US stocks rebounded yesterday after a significant 2 day drop last week, relieving bearish pressure and averting a potential meltdown which was certainly in the books should last week sell-off shift global sentiment from a long-term bullish into a bearish one.
The reason for the bullish cheers? We have stronger than expected US Retail Sales figures which grew 1.1% vs 0.9% expected – the strongest gain in 18 months. On top of that, previous month’s figure was revised higher to 0.7% as well, suggesting that US economy is actually going on strong. Given that stock prices are driven by fundamental, it is reasonable to expect stronger bullish follow-through as there may be a shift in short-term sentiment due to this latest development.
That would have been the perfect bullish reversal narrative, but unfortunately things are rarely so straight forward and this time round is no exception.
Firstly, we need to realize that despite the strongest retail print in 18 months, retail stocks were not the biggest gainers yesterday, which suggest that the gain in stocks are not really due to the Retail Sales number but may simply be a technical rebound aka “Dead Cat Bounce”. Interestingly, both 3 major US stock indexes gained around the same – S&P 500 +0.82%, Nasdaq 100 +0.81% while the less diversified DJI was stronger at +0.91%. With such similar gains, it is difficult to shake off the suspicion of the technical rebound charge.
Case in point, it seems that bearish sentiment is alive and well.

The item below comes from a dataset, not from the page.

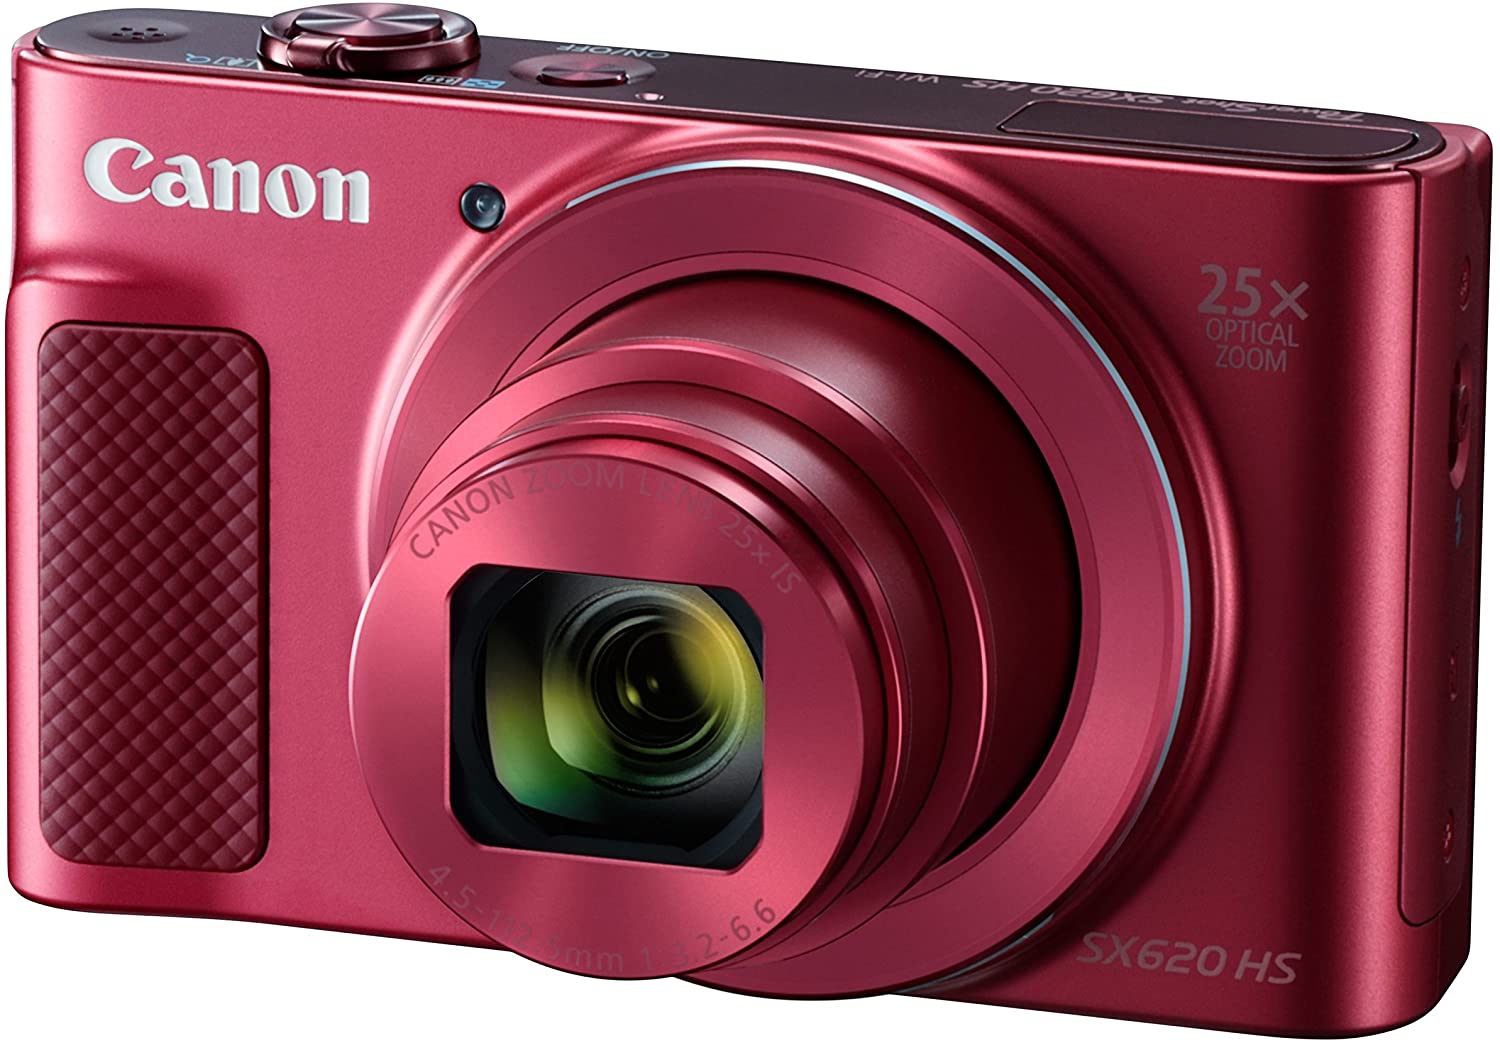 ダークブラウン 茶色 Canon コンパクトデジタルカメラ PowerShot SX620

S&P 500 rebounded off the 1,812.5 support (more visible on Daily Chart below) and pushed up higher but saw significant resistance at 1,830, resulting in a strong bearish reaction bringing us close to 1,812.5 once more before last ditch bullish effort allowing us to close near the 1,830 level. This is a strong testament to strong bearish pressure and adds to the suspicion that yesterday’s rally is simply corrective in nature (e.g. temporary pullback) rather than a genuine bullish move.
From a technical perspective, we are currently facing resistance from both 1,830 and the descending trendline that was previous support now turned resistance. Stochastic indicator has also plateaued within the Overbought region, strongly favoring a bearish move moving forward. Hence, if we start to see prices falling below the Asian lows of 1,829, the likelihood of a move back towards 1,812.5 is high and we may even see a break of the support level as this would imply that the broad bearish momentum is back again.
Daily Chart is less bearish though, as a rebound off 1,812.5 opens up a potential move towards 1,850. Couple this with Stochastic readings which are heavily Oversold it is not difficult to imagine prices having the potential to hit 1,850 on a mere corrective move. However, right now there isn’t any evidence that this is happening. The bullish reversal Morning Star pattern which is forming now is weak as the right bullish candle is not able to overlap the left bearish candle, as such the validity of this pattern needs to be discounted.
From a long-term fundamental perspective, it is clear that stock prices are still too expensive, and everybody is waiting for the 10-20% correction that has yet to materialize. Economic growth remains below previous expectations, and that is yet another strike against continued bullish move. However, L/T sentiment has been bullish so much so that traders are still buying stocks at such record levels using the highest leverage/margin levels on record. Hence, should sentiment has been confirmed to have reversed, we could see bears coming back with a vengeance, giving us the much awaited L/T bearish pullback.